From: Daniel Borkmann <daniel(a)iogearbox.net>
commit c751798aa224fadc5124b49eeb38fb468c0fa039 upstream.
syzkaller managed to trigger the warning in bpf_jit_free() which checks via
bpf_prog_kallsyms_verify_off() for potentially unlinked JITed BPF progs
in kallsyms, and subsequently trips over GPF when walking kallsyms entries:
[...]
8021q: adding VLAN 0 to HW filter on device batadv0
8021q: adding VLAN 0 to HW filter on device batadv0
WARNING: CPU: 0 PID: 9869 at kernel/bpf/core.c:810 bpf_jit_free+0x1e8/0x2a0
Kernel panic - not syncing: panic_on_warn set ...
CPU: 0 PID: 9869 Comm: kworker/0:7 Not tainted 5.0.0-rc8+ #1
Hardware name: Google Google Compute Engine/Google Compute Engine, BIOS Google 01/01/2011
Workqueue: events bpf_prog_free_deferred
Call Trace:
__dump_stack lib/dump_stack.c:77 [inline]
dump_stack+0x113/0x167 lib/dump_stack.c:113
panic+0x212/0x40b kernel/panic.c:214
__warn.cold.8+0x1b/0x38 kernel/panic.c:571
report_bug+0x1a4/0x200 lib/bug.c:186
fixup_bug arch/x86/kernel/traps.c:178 [inline]
do_error_trap+0x11b/0x200 arch/x86/kernel/traps.c:271
do_invalid_op+0x36/0x40 arch/x86/kernel/traps.c:290
invalid_op+0x14/0x20 arch/x86/entry/entry_64.S:973
RIP: 0010:bpf_jit_free+0x1e8/0x2a0
Code: 02 4c 89 e2 83 e2 07 38 d0 7f 08 84 c0 0f 85 86 00 00 00 48 ba 00 02 00 00 00 00 ad de 0f b6 43 02 49 39 d6 0f 84 5f fe ff ff <0f> 0b e9 58 fe ff ff 48 b8 00 00 00 00 00 fc ff df 4c 89 e2 48 c1
RSP: 0018:ffff888092f67cd8 EFLAGS: 00010202
RAX: 0000000000000007 RBX: ffffc90001947000 RCX: ffffffff816e9d88
RDX: dead000000000200 RSI: 0000000000000008 RDI: ffff88808769f7f0
RBP: ffff888092f67d00 R08: fffffbfff1394059 R09: fffffbfff1394058
R10: fffffbfff1394058 R11: ffffffff89ca02c7 R12: ffffc90001947002
R13: ffffc90001947020 R14: ffffffff881eca80 R15: ffff88808769f7e8
BUG: unable to handle kernel paging request at fffffbfff400d000
#PF error: [normal kernel read fault]
PGD 21ffee067 P4D 21ffee067 PUD 21ffed067 PMD 9f942067 PTE 0
Oops: 0000 [#1] PREEMPT SMP KASAN
CPU: 0 PID: 9869 Comm: kworker/0:7 Not tainted 5.0.0-rc8+ #1
Hardware name: Google Google Compute Engine/Google Compute Engine, BIOS Google 01/01/2011
Workqueue: events bpf_prog_free_deferred
RIP: 0010:bpf_get_prog_addr_region kernel/bpf/core.c:495 [inline]

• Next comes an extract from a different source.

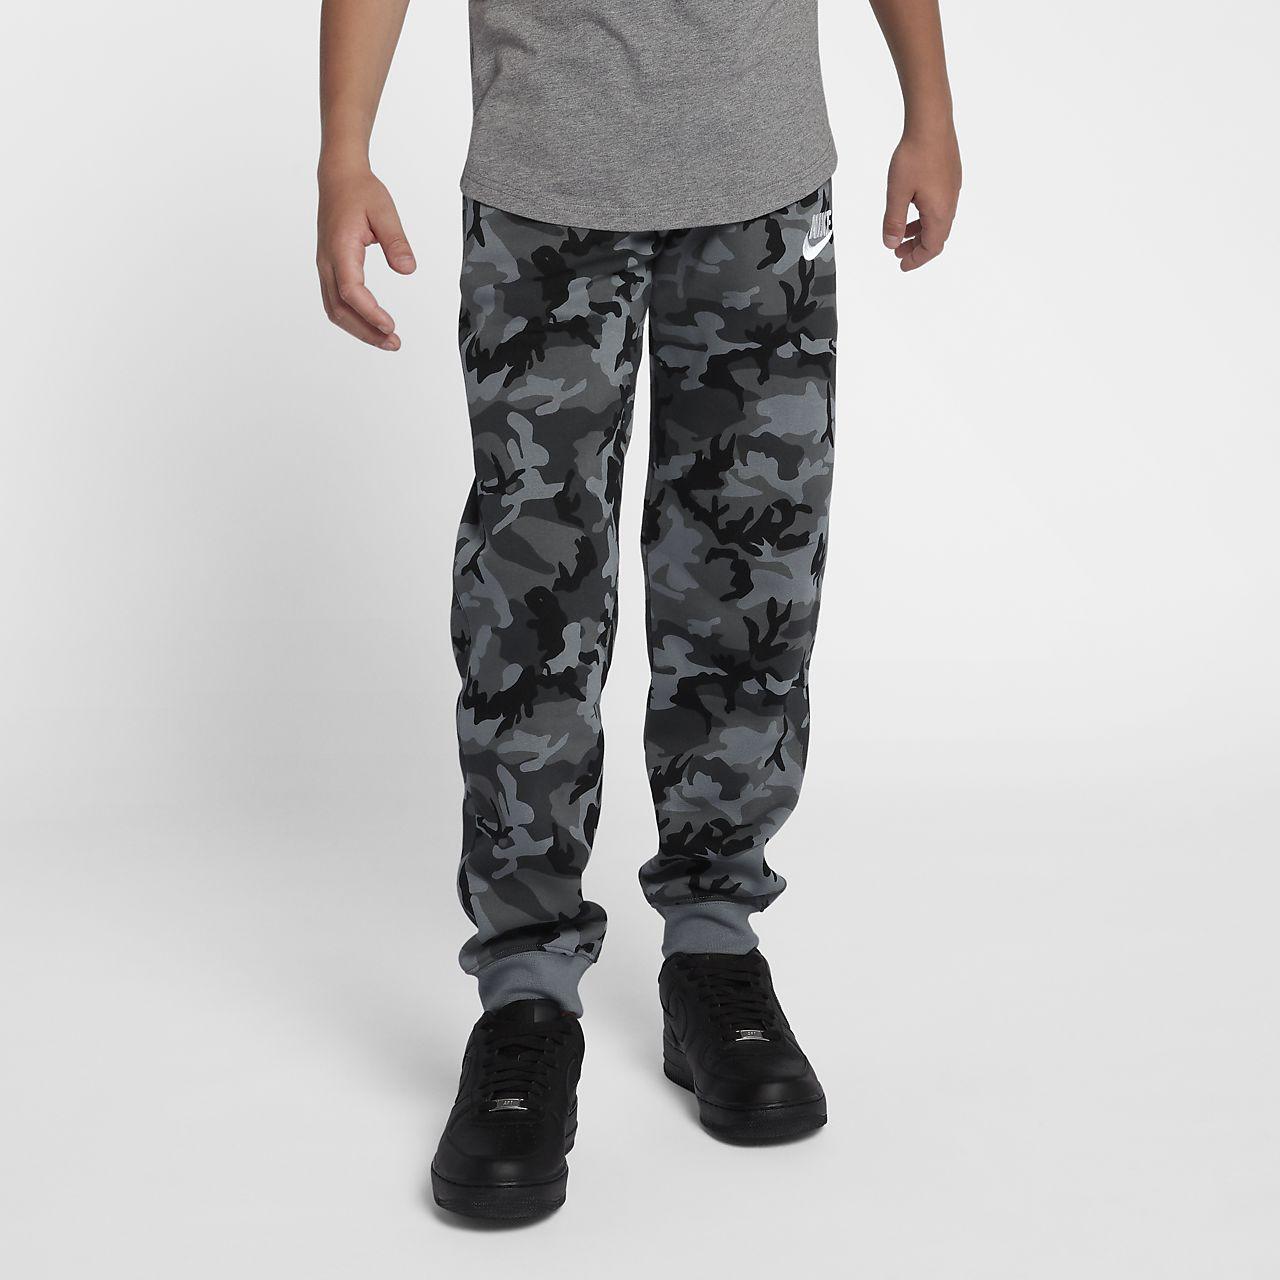 Джоггеры с принтом для мальчиков школьного возраста Nike Sportswear Club Fleece
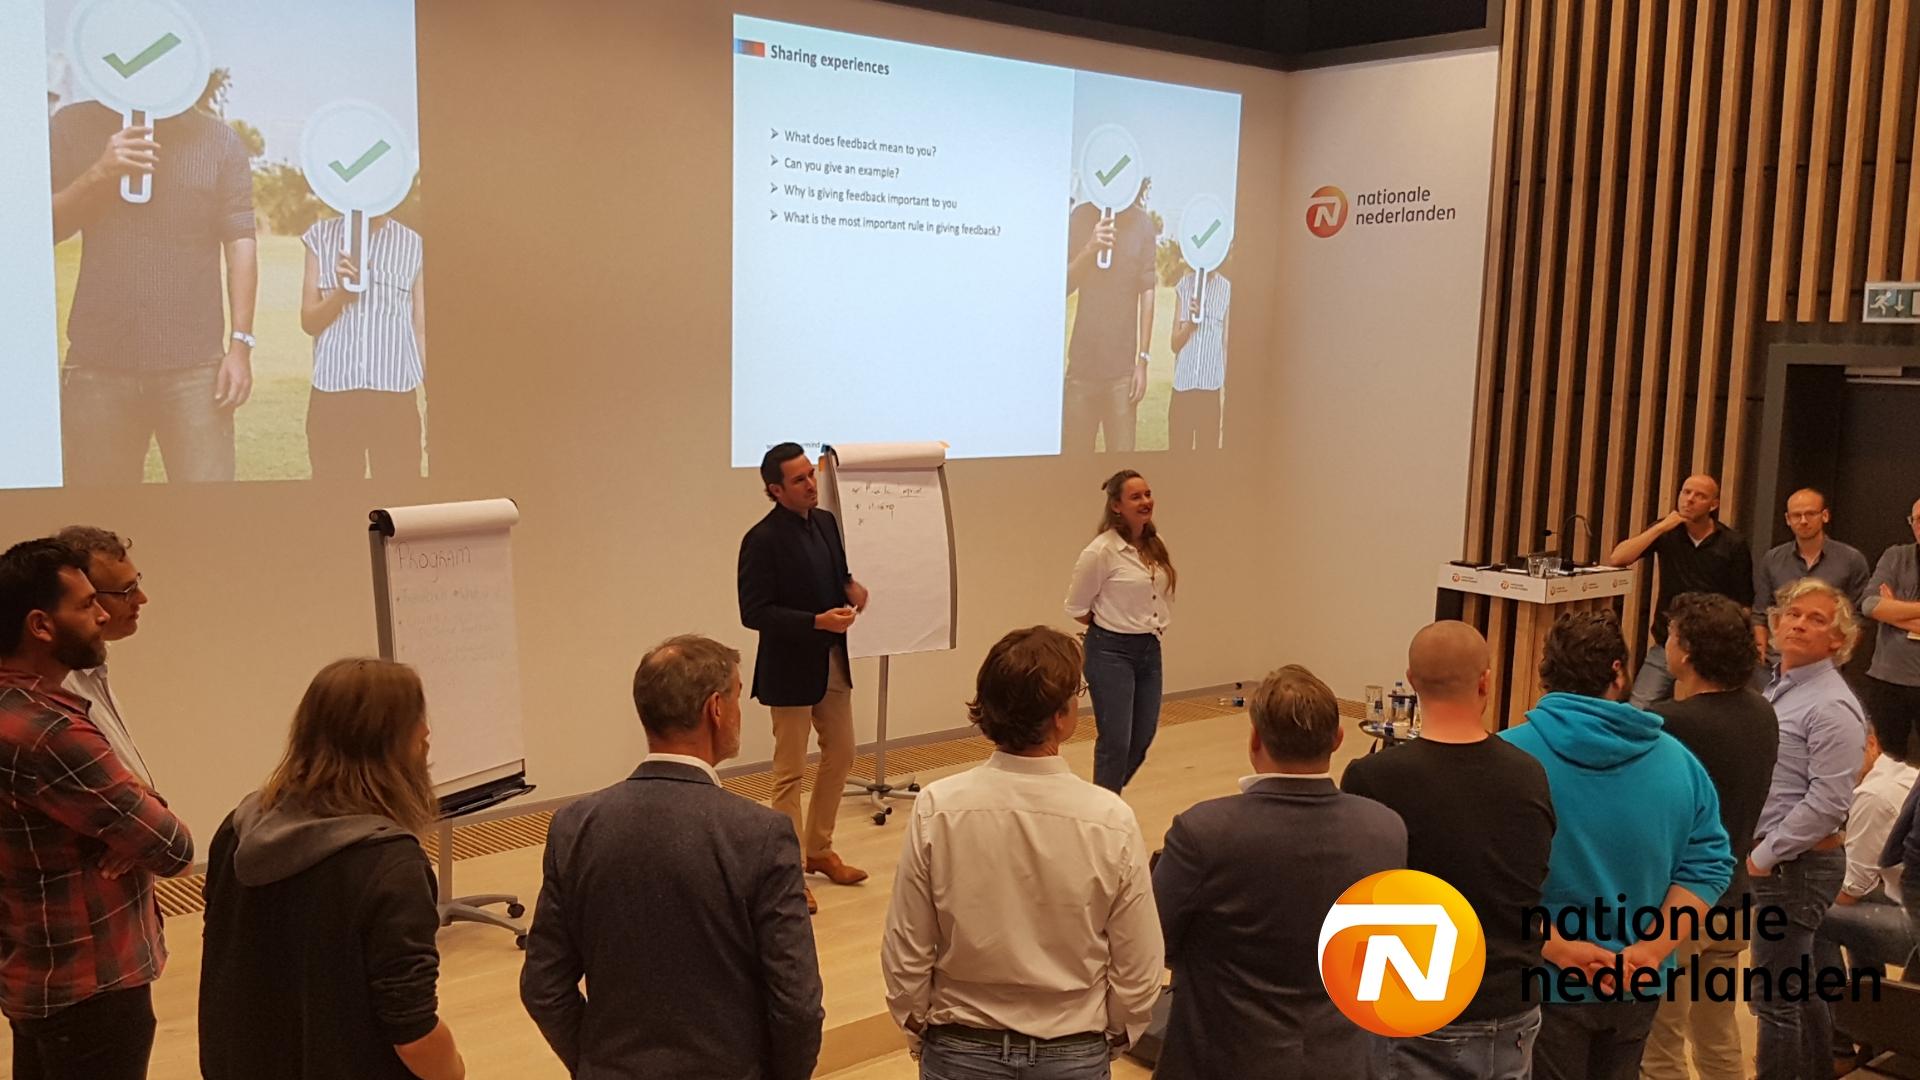 Nationale Nederlanden - Communicatie - Jerry van Staveren 10

RIP: 0010:bpf_tree_comp kernel/bpf/core.c:558 [inline]
RIP: 0010:__lt_find include/linux/rbtree_latch.h:115 [inline]
RIP: 0010:latch_tree_find include/linux/rbtree_latch.h:208 [inline]
RIP: 0010:bpf_prog_kallsyms_find+0x107/0x2e0 kernel/bpf/core.c:632
Code: 00 f0 ff ff 44 38 c8 7f 08 84 c0 0f 85 fa 00 00 00 41 f6 45 02 01 75 02 0f 0b 48 39 da 0f 82 92 00 00 00 48 89 d8 48 c1 e8 03 <42> 0f b6 04 30 84 c0 74 08 3c 03 0f 8e 45 01 00 00 8b 03 48 c1 e0
[...]
Upon further debugging, it turns out that whenever we trigger this
issue, the kallsyms removal in bpf_prog_ksym_node_del() was /skipped/
but yet bpf_jit_free() reported that the entry is /in use/.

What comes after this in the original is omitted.